O maior banco dos Estados Unidos escolheu novamente o Ethereum como base para seu mais novo produto financeiro tokenizado — um fundo de mercado monetário lastreado em títulos do Tesouro americano.
O JPMorgan Chase protocolou junto à Securities and Exchange Commission (SEC) dos Estados Unidos o pedido de lançamento do JPMorgan OnChain Liquidity-Token Money Market Fund, conhecido pela sigla JLTXX. O produto é classificado como um fundo de mercado monetário tokenizado e terá como infraestrutura tecnológica a plataforma Kinexys Digital Assets, divisão de ativos digitais do próprio banco.

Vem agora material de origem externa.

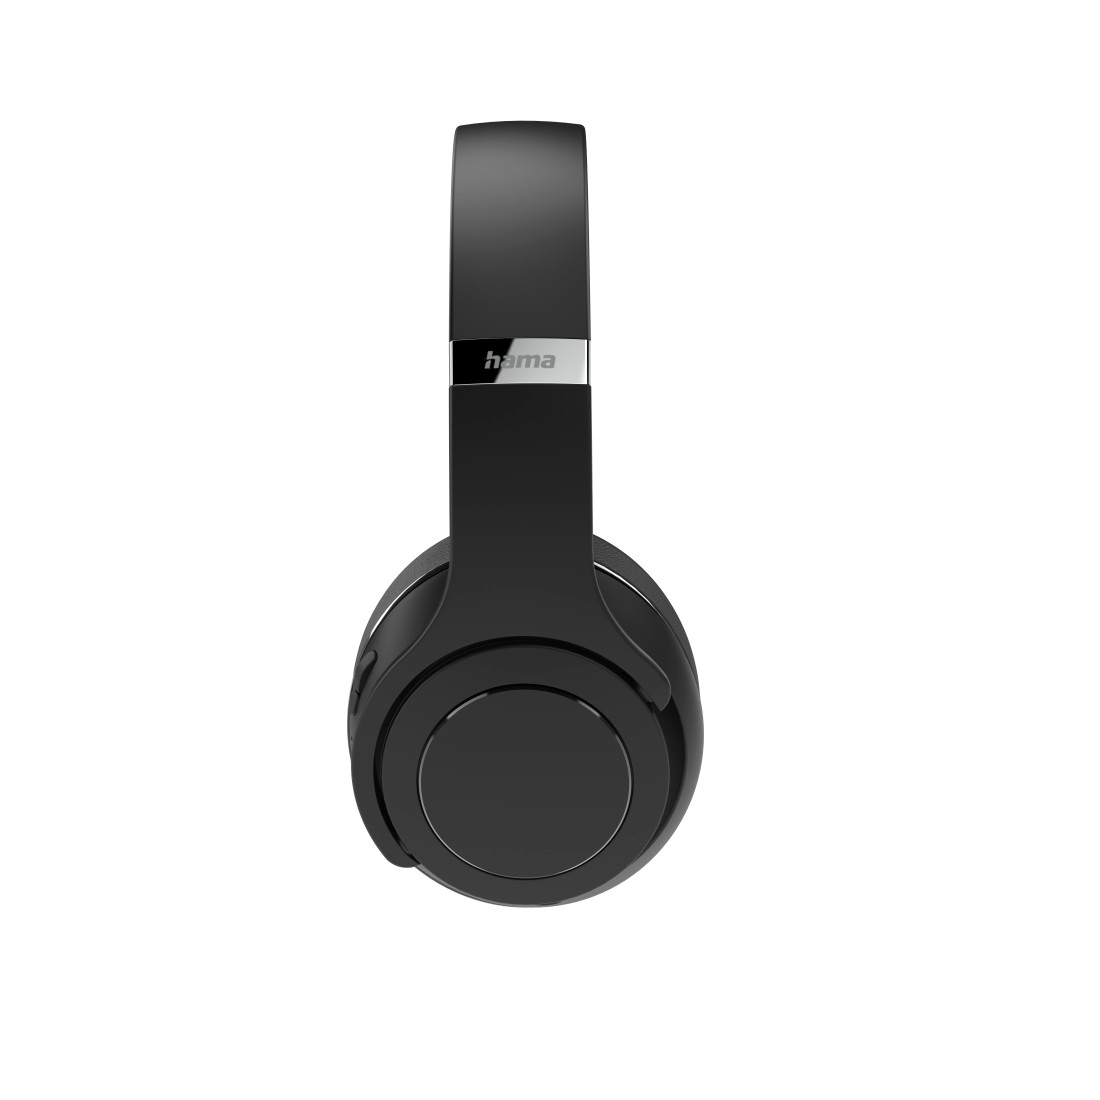 XXL 2 UNIVERSAL Bluetooth-Kopfhörer Kopfhörer« ➥ 1 in und »Bluetooth®-Kopfhörer Funktion, Lautsprecher Hama Garantie | 3 Jahre

Segundo informações do registro apresentado à SEC, em condições normais de mercado, o fundo aplicará seus recursos exclusivamente em títulos do Tesouro dos Estados Unidos e em acordos de recompra overnight (operações compromissadas) lastreados nesses mesmos papéis. A escolha por instrumentos considerados de baixíssimo risco sinaliza um produto voltado à liquidez institucional, e não à especulação.
A rede escolhida para hospedar o fundo foi o Ethereum — a mesma blockchain utilizada pelo JPMorgan em iniciativas anteriores de tokenização. A decisão reforça a posição do Ethereum como protocolo preferencial entre grandes instituições financeiras que buscam trazer ativos do mundo real (RWA — Real World Assets) para o ambiente on-chain.
Leia tambem: guia completo de Ethereum.
O que diferencia o JLTXX de um fundo convencional
A principal distinção do JLTXX em relação a fundos de mercado monetário tradicionais está na representação das cotas em formato de token sobre uma blockchain pública. Isso significa que a propriedade das cotas pode ser registrada, transferida e liquidada de forma programática, sem depender de intermediários de custódia convencionais.
Títulos do Tesouro dos EUA e operações compromissadas overnight — instrumentos de altíssima liquidez e baixo risco de crédito.
Rede Ethereum, operada via plataforma Kinexys Digital Assets — divisão institucional de ativos digitais do próprio JPMorgan.
Protocolo formal junto à SEC dos EUA, seguindo os ritos legais de fundos registrados — diferente de produtos não registrados do mercado cripto.
Investidores institucionais que buscam gestão de liquidez de curto prazo com os benefícios operacionais da tokenização on-chain.
Ethereum como escolha recorrente do mercado institucional
Não é a primeira vez que o JPMorgan opta pelo Ethereum para iniciativas de tokenização. A plataforma Kinexys — anteriormente chamada de Onyx — já havia utilizado redes compatíveis com o padrão EVM (Ethereum Virtual Machine) em projetos anteriores de liquidação interbancária e tokenização de ativos.
Segundo a BeInCrypto, veículo que reportou o protocolo original junto à SEC, o registro do JLTXX representa mais um passo da instituição no segmento de ativos do mundo real tokenizados, mercado que vem atraindo bancos, gestoras e fintechs globais ao longo dos últimos dois anos.
O contexto do mercado de RWA em 2025
A tokenização de ativos financeiros tradicionais — como títulos públicos, fundos de renda fixa e imóveis — é apontada por analistas como uma das tendências estruturais do setor financeiro global. O Ethereum concentra a maior parte desse volume, em função de sua liquidez, maturidade técnica e ampla adoção por desenvolvedores e auditores de segurança.
O movimento do JPMorgan ocorre em um momento em que o ambiente regulatório nos Estados Unidos começa a ganhar contornos mais definidos para produtos que combinam finanças tradicionais e tecnologia blockchain. O interesse de bancos de grande porte tende a acelerar discussões sobre padronização e interoperabilidade entre plataformas de tokenização.
📌 Nota editorial
O registro do JLTXX junto à SEC não garante aprovação imediata nem data de início de operações. O processo regulatório pode incluir pedidos de informações adicionais e prazos variáveis de análise. O KriptoHoje acompanhará os desdobramentos do caso.